Bill O’Reilly and the Truthiness Defense

5 minute read

From the sound of things, Bill O’Reilly’s enforcers are going to have a busy time. When David Corn first made the case, in Mother Jones, that O’Reilly had inflated his war-correspondent record–implying that he’d seen combat “in the Falklands” when he covered it for CBS from Buenos Aires–O’Reilly said that Corn deserved to end up “in the kill zone.” When a New York Times reporter did a follow-up on the story, he told her that if he didn’t like what she reported, “I am coming after you with everything I have. You can take that as a threat.”

What that threat constitutes from O’Reilly is unclear, though in the past his producer has tracked down and camera-ambushed a string of journalists who’d dared criticize Bill-O. And Fox News in general has a not-so-secret reputation of strong-arming reporters who cover the media, as the late David Carr chronicled in 2008, when Fox and Friends aired altered photographs of two New York Times staffers in payback for unflattering coverage.

Maybe the threats will scare journalists off O’Reilly’s trail; or maybe making them so brazenly will rally more reporters to the story. Either way, if O’Reilly is not likely to suffer Brian Williams’ fate, it has less to do with the difference in their stories and more to do with the fact that O’Reilly is not Brian Williams: he’s an entirely different kind of journalist. His audience has a different relationship with him, based not on veracity but loyalty, not information but identification.

Like Williams, O’Reilly told stories about his reporting exploits that seemed to imply they were more dangerous than they were. There were differences in the particulars and the aftermath, though. Williams apologized for saying he was traveling in a helicopter that was hit by an RPG in Iraq when it was not. O’Reilly doubled down on his statements. In his telling, it became a matter of whether you think having reported “in the Falklands” is naturally assumed as meaning “in Buenos Aires at the time of the Falkland Islands war” and whether a violent protest equals a “combat situation.”

And that kind of argument–a debate over interpretation, spin, the motives of his critics–is the friendliest of grounds for O’Reilly to argue in front of his audience. Hell, it’s precisely what you watch O’Reilly for: not for news headlines but for a worldview, not for what happened but what it means–and what it means that your ideological adversaries see it as something else.

It’s no accident that O’Reilly was a chief inspiration for Stephen Colbert’s character on The Colbert Report, for whom he invented the concept of “truthiness”: that what your gut tells you is more important than what the literal facts say, that how the news feels is more important than what the news is.

Once you’re inside that No-Spin Zone, all arguments become political arguments.

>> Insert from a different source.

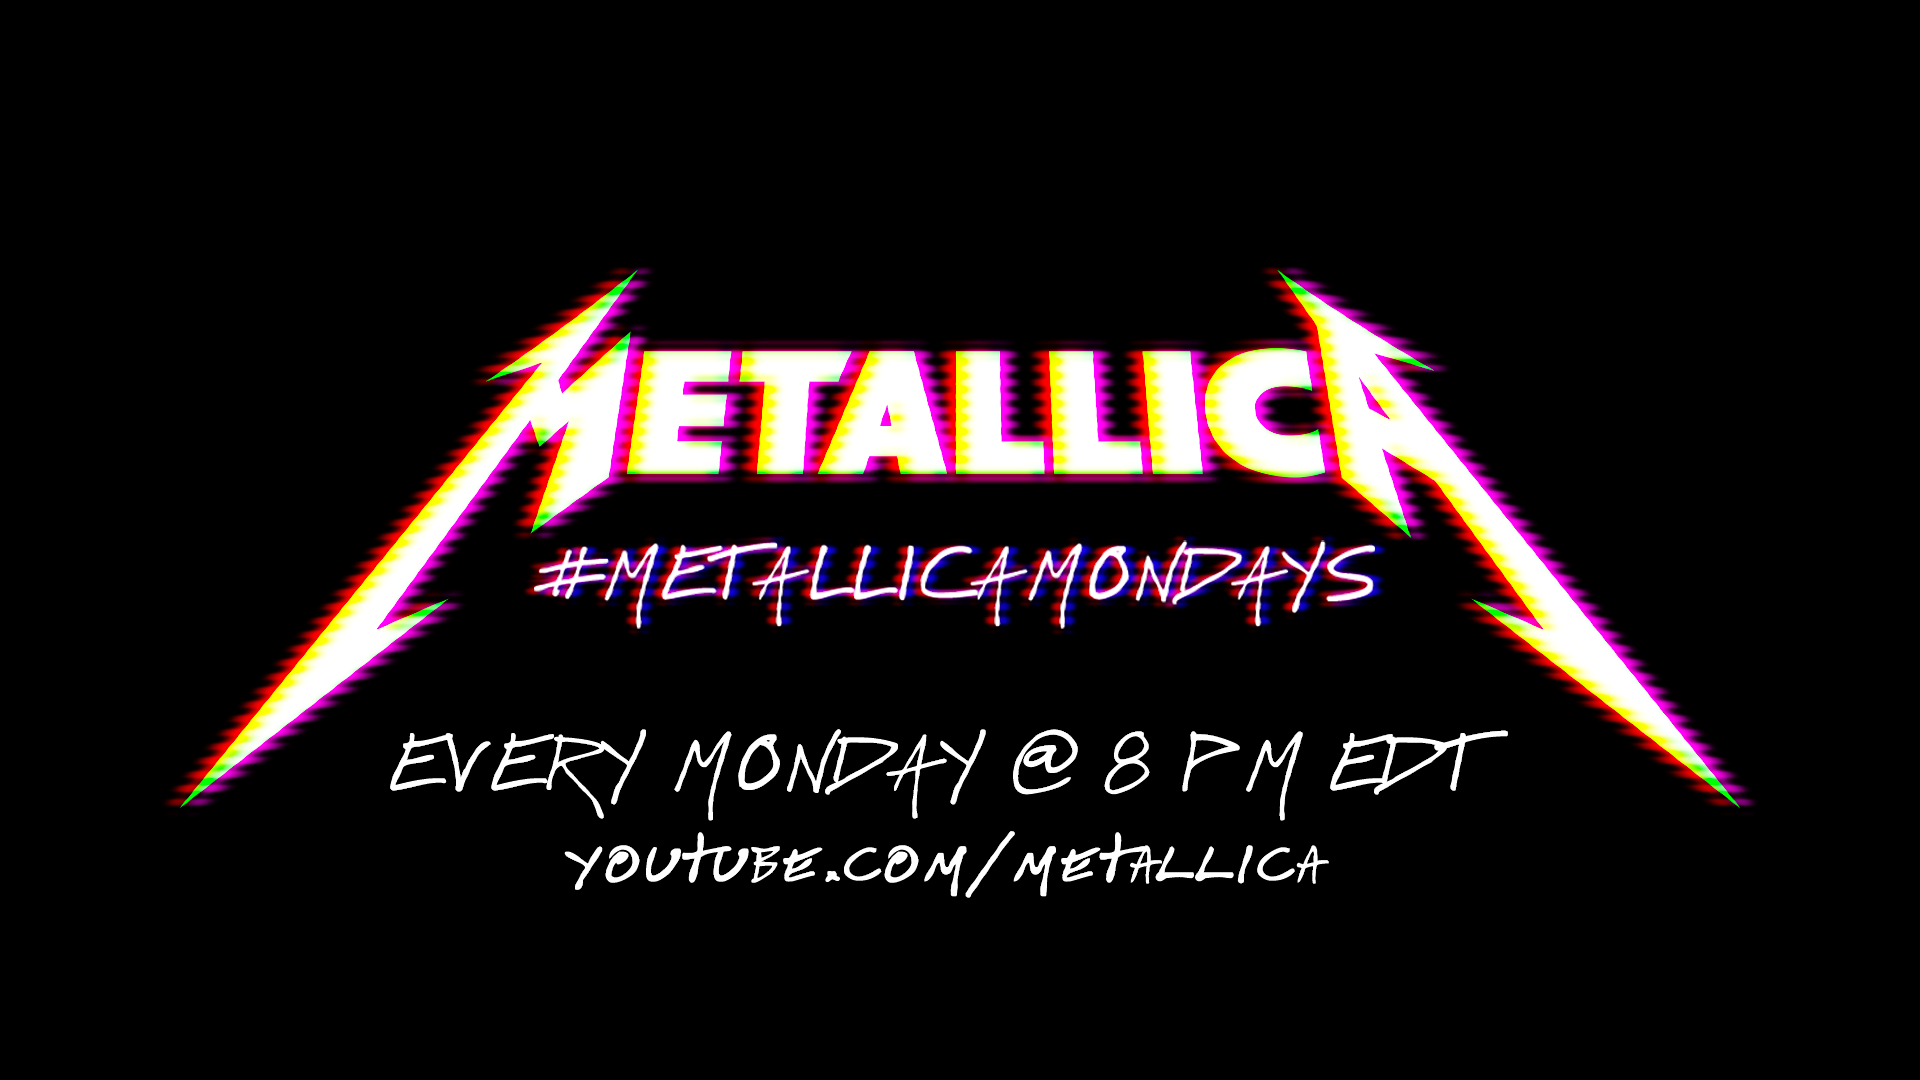 Subscribe to Metallica''s YouTube Channel

And any argument can be considered, and attacked, with the tactics of political ones: ad hominems, consider-the-source rebuttals, somebody-else-did-something-bad-once-too rebuttals, appeals to loyalty and the sense of persecution.

Like so: the original claim against O’Reilly came from Mother Jones. Mother Jones is a liberal magazine; therefore its argument is invalid and we don’t even need to consider it further. If anyone follows up on the report–CNN, the New York Times–they’re also liberal, because all the media outside Fox is liberal, therefore we can disregard them too. If anyone else joins in, they are by definition also liberal because they’re attacking Bill-O, QED.

The fact that charges exist becomes the best defense against the charges. Not only that, they only reinforce that O’Reilly is right: he has the right enemies, he must be on the right side. The liberal media claims Bill lied about being in a war zone? Well, what is a “war zone” anyway? Look at the footage he showed of demonstrators in the streets! That’s combat enough for me! Case closed.

It’s almost magic.

This is a perfect example, really, of the difference between a news host whose reputation is based on objectivity and one whose reputation is based on subjectivity. You can argue what Williams or O’Reilly deserves, but in the end NBC and Fox alike operate first out of practicality and self-preservation. And where it was devastating for Williams to have his veracity challenged in public, for O’Reilly to have this battle is branding.

That’s not to say O’Reilly can’t be harmed by future developments. You don’t make threats if you’re not concerned about something.

But as it stands, Bill O’Reilly’s audience is his best line of defense. When people watch you because they want to believe, they’ll do most of the work for you.